Ciò che rende i pensieri ripetitivi negativi così impegnativi è che spesso derivano da credenze di base, come ad esempio: non sono abbastanza bravo, non otterrò ciò che voglio, o il mondo non è degno di fiducia. Poiché sono costruiti su queste convinzioni più profonde, i cicli di pensiero ripetitivi sono potenti e appiccicosi; crediamo ai nostri pensieri ricorrenti, come se la loro persistenza sia in qualche modo la prova della loro veridicità. Di conseguenza, siamo compulsivamente costretti a legarci e coinvolgerci con il loro contenuto.
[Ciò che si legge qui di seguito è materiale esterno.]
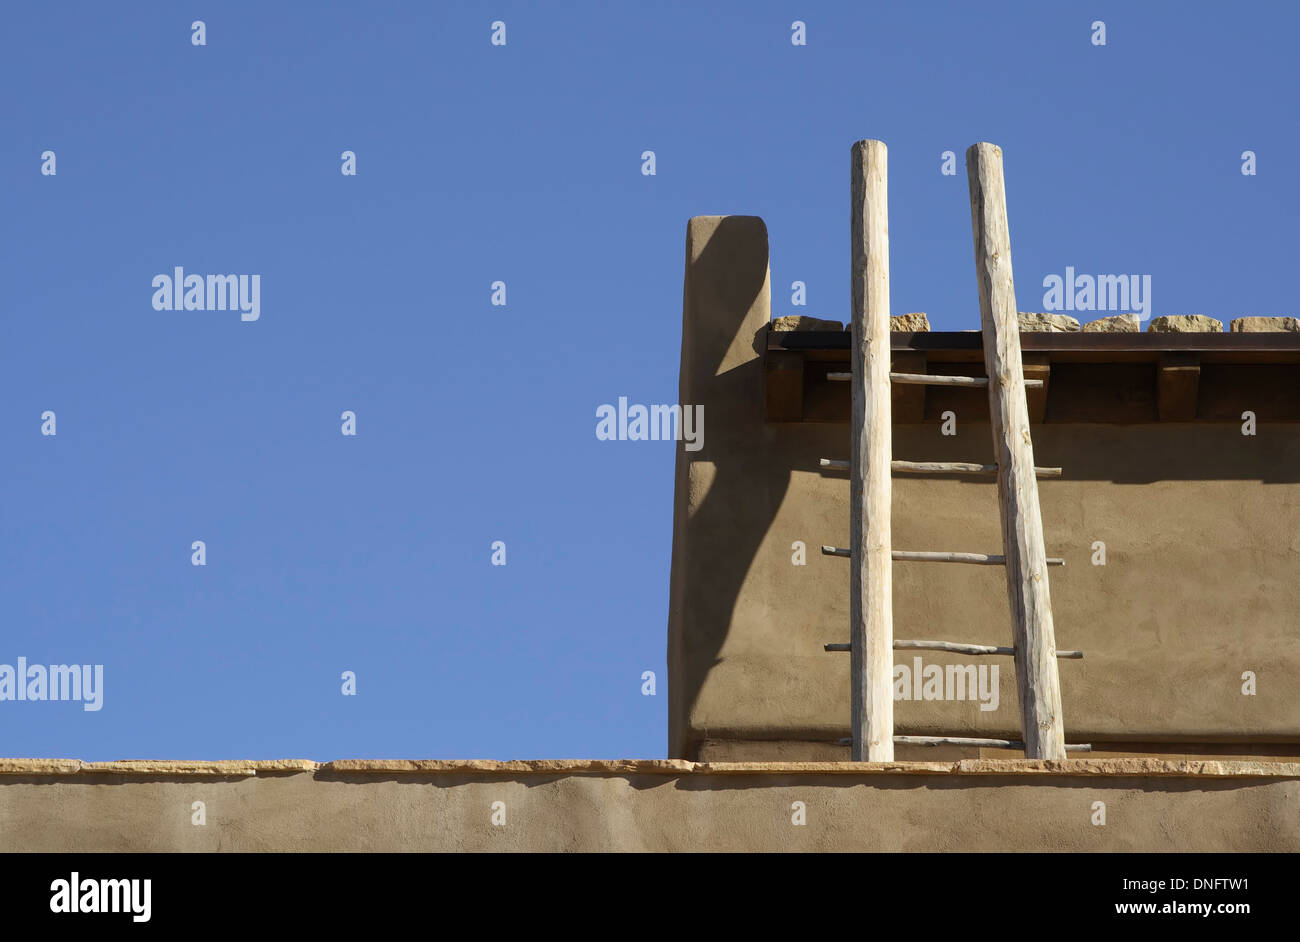 Ladder, Sky City Cultural Center, Acoma Pueblo, New Mexico USA Stock Photo

Inoltre, impariamo presto nella vita che abbiamo bisogno di fare qualcosa con e sui nostri pensieri negativi: di dimostrarli sbagliati, di convincere gli altri (e noi stessi) che sono falsi, o di sostituirli attivamente con pensieri positivi che sentiamo meno minacciosi. In entrambi i casi, ci viene insegnato, abbiamo bisogno di mettere su una lotta.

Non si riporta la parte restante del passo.